Vitamin B12 (cobalamin) is a water-soluble vitamin that is crucial to normal neurologic function, red blood cell production, and DNA synthesis. Vitamin B12 is essential for three enzymatic processes: the conversion of homocysteine to methionine; the conversion of methylmalonic acid to succinyl coenzyme A; and the conversion of 5-methyltetrahydrofolate to tetrahydrofolate, a process necessary for DNA synthesis and red blood cell production.1 It cannot be manufactured by humans and must be regularly obtained from the ingestion of animal proteins or fortified cereal products. Gastric acid liberates vitamin B12 from animal proteins, after which it combines with intrinsic factor produced by gastric parietal cells and is absorbed in the terminal ileum.

Clinical recommendationEvidence ratingReferences
Because it is as effective as intramuscular vitamin B12 injections, high-dose oral vitamin B12 might be a reasonable choice for replacement in many patients with vitamin B12 deficiency, regardless of the etiology.B20
Vitamin B12 supplementation to reduce elevated serum homocysteine levels in patients with mild to moderate Alzheimer disease should not be given because it does not alter the rate of cognitive decline.B26
Vitamin B12 supplementation to reduce levels of serum homocysteine in high-risk patients is not recommended because it does not reduce cardiovascular mortality.A2831

Pernicious anemia, which is characterized by an autoimmune-mediated chronic atrophic gastritis, is a classically described cause of vitamin B12 deficiency2; other common causes include postsurgical malabsorption, dietary deficiencies, and vitamin B12 malabsorption from food.3 Because of extensive hepatic stores of vitamin B12, there may be a five- to 10-year delay between the onset of deficiency and the appearance of clinical symptoms.4

In asymptomatic patients with low-normal levels of vitamin B12 (200 to 350 pg per mL [147.56 to 258.23 pmol per L]), elevated levels of the precursor compounds homocysteine and methylmalonic acid may prompt a decision to supplement patients with vitamin B12.5

The true prevalence of vitamin B12 deficiency is difficult to estimate because reports are based on values that vary because of inclusion criteria and individual laboratory methodology.

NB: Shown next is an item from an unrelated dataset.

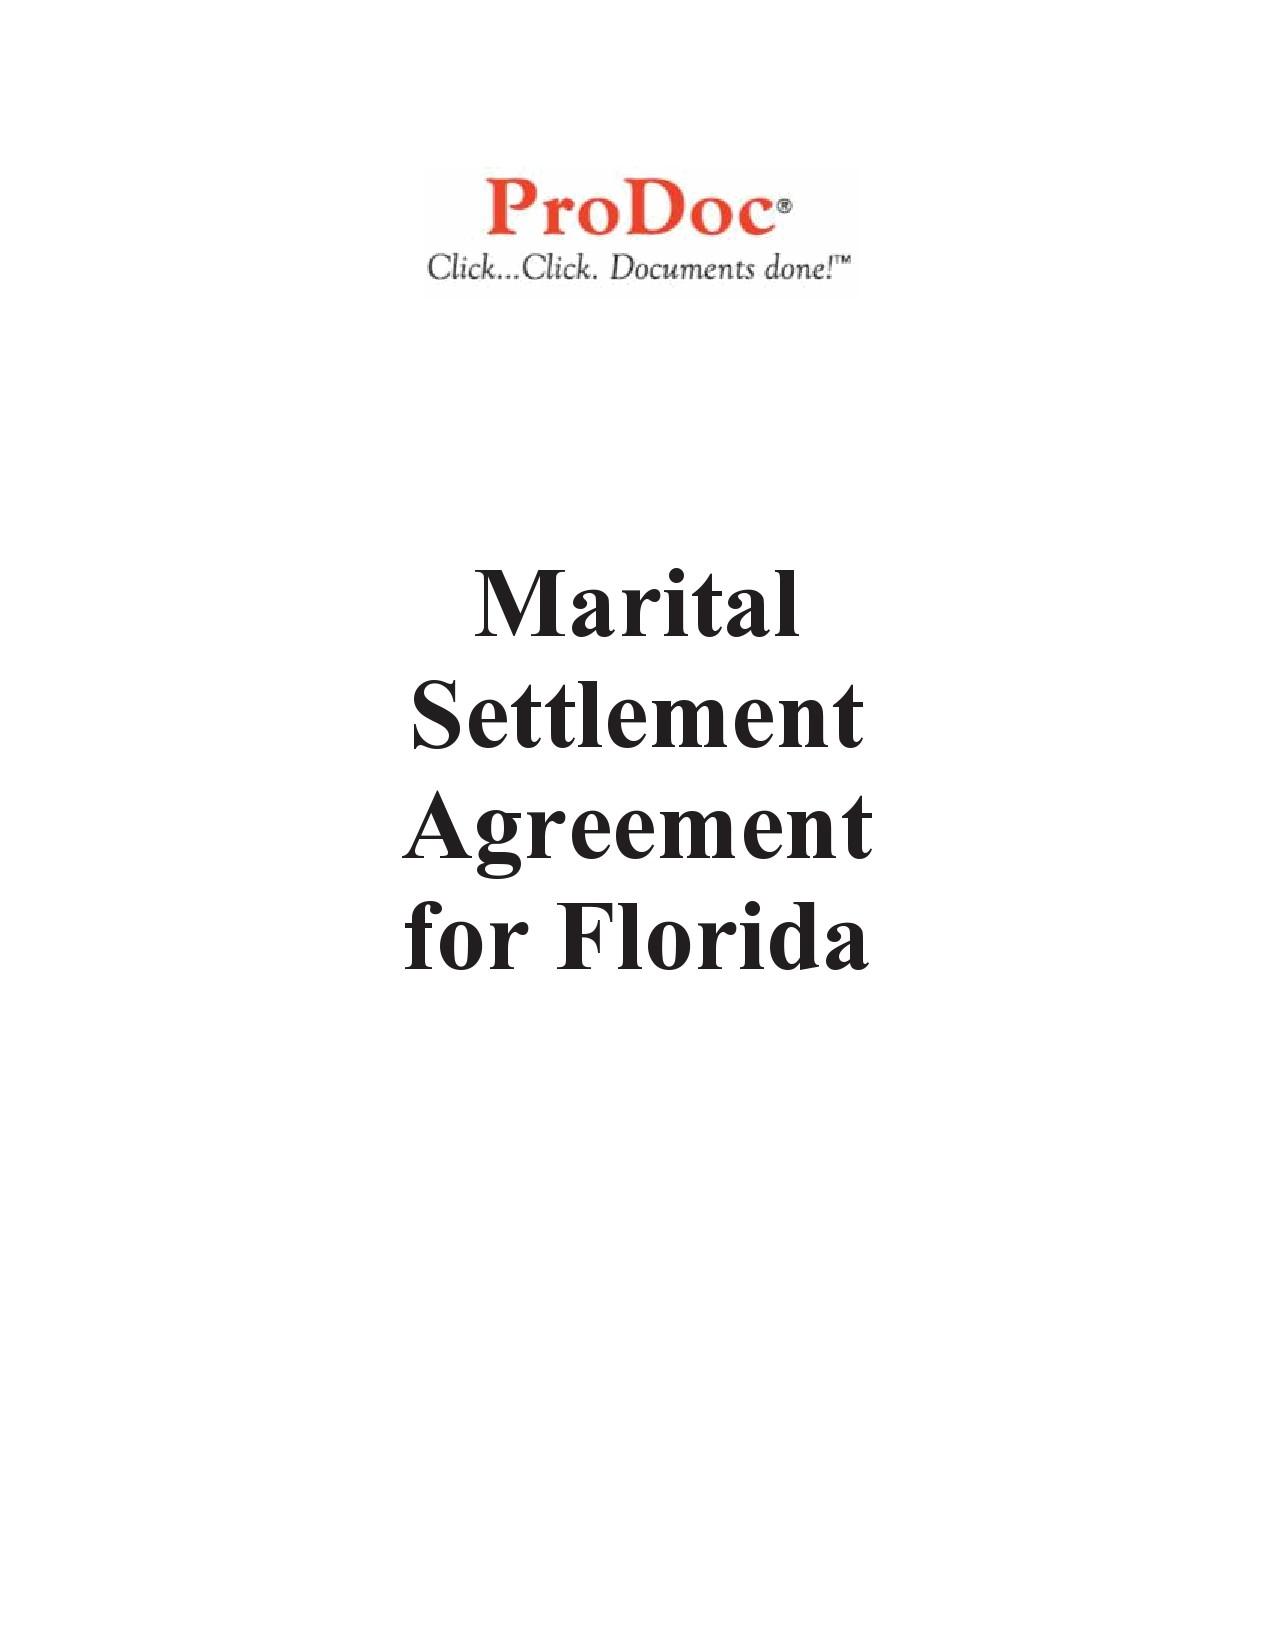 Free marital settlement agreement 19

In 1994, the Framingham Heart Study reported the prevalence of vitamin B12 deficiency, as defined by a serum vitamin B12 level less than 200 pg per mL and elevated levels of serum homocysteine, methylmalonic acid, or both, to be 12 percent among 548 community-dwelling older patients.6 However, most deficient patients did not have hematologic manifestations, and neurologic manifestations were not assessed. According to unpublished data from the National Health and Nutrition Examination Survey, 3.2 percent of U.S. adults older than 50 years are estimated to have a serum vitamin B12 level less than 200 pg per mL.1 Risk factors for vitamin B12 deficiency are listed in Table 1.13,6,7

Decreased ileal absorption
Crohn disease
Ileal resection
Tapeworm infestation
Decreased intrinsic factor
Atrophic gastritis
Pernicious anemia
Postgastrectomy syndrome (includes Roux-en-Y gastric bypass)
Genetic
Transcobalamin II deficiency
Inadequate intake
Alcohol abuse
Older persons
Vegetarians (includes exclusively breastfed children of vegetarian mothers)
Prolonged medication use
Histamine H2 blockers
Metformin (Glucophage)
Proton pump inhibitors

Of particular interest to family physicians, an association between metformin (Glucophage) use and vitamin B12 deficiency has been observed. A multicenter trial of 390 patients with diabetes mellitus receiving insulin therapy who were randomized to receive metformin, 850 mg three times daily, or placebo assessed the risk of vitamin B12 deficiency and low vitamin B12 levels over four years.7 Compared with placebo, patients taking metformin had an increased risk of vitamin B12 deficiency (number needed to harm = 14 per 4.3 years) and low vitamin B12 levels (number needed to harm = 9 per 4.3 years). The effect increased with the duration of therapy. Although it is not known if prophylactic vitamin B12 supplementation prevents deficiency, it seems prudent to monitor vitamin B12 levels periodically in patients taking metformin.

Manifestations

Clinical manifestations of vitamin B12 deficiency are listed in Table 2.1,2

Cutaneous
Hyperpigmentation
Vitiligo
Gastrointestinal
Glossitis
Jaundice
Hematologic
Anemia (macrocytic, megaloblastic)
Thrombocytopenia
Neuropsychiatric
Cognitive impairment
Gait abnormalities
Irritability
Peripheral neuropathy
Weakness

Although the classic hematologic expression of vitamin B12 deficiency is a megaloblastic macrocytic anemia characterized by an elevated mean corpuscular volume and mean corpuscular hemoglobin, and a peripheral smear containing macroovalocytes and hypersegmented neutrophils, up to 28 percent of affected patients may have a normal hemoglobin level, and up to 17 percent may have a normal mean corpuscular volume.8 Although folate deficiency may also produce a megaloblastic anemia, it is less common in the United States because of required folate fortification of enriched grain and cereal products.9 Clinical manifestations of megaloblastic anemia include pallor, tachycardia, weakness, fatigue, and palpitations. The evaluation and management of macrocytosis has been recently reviewed in American Family Physician (https://www.aafp.org/afp/2009/0201/p203.html).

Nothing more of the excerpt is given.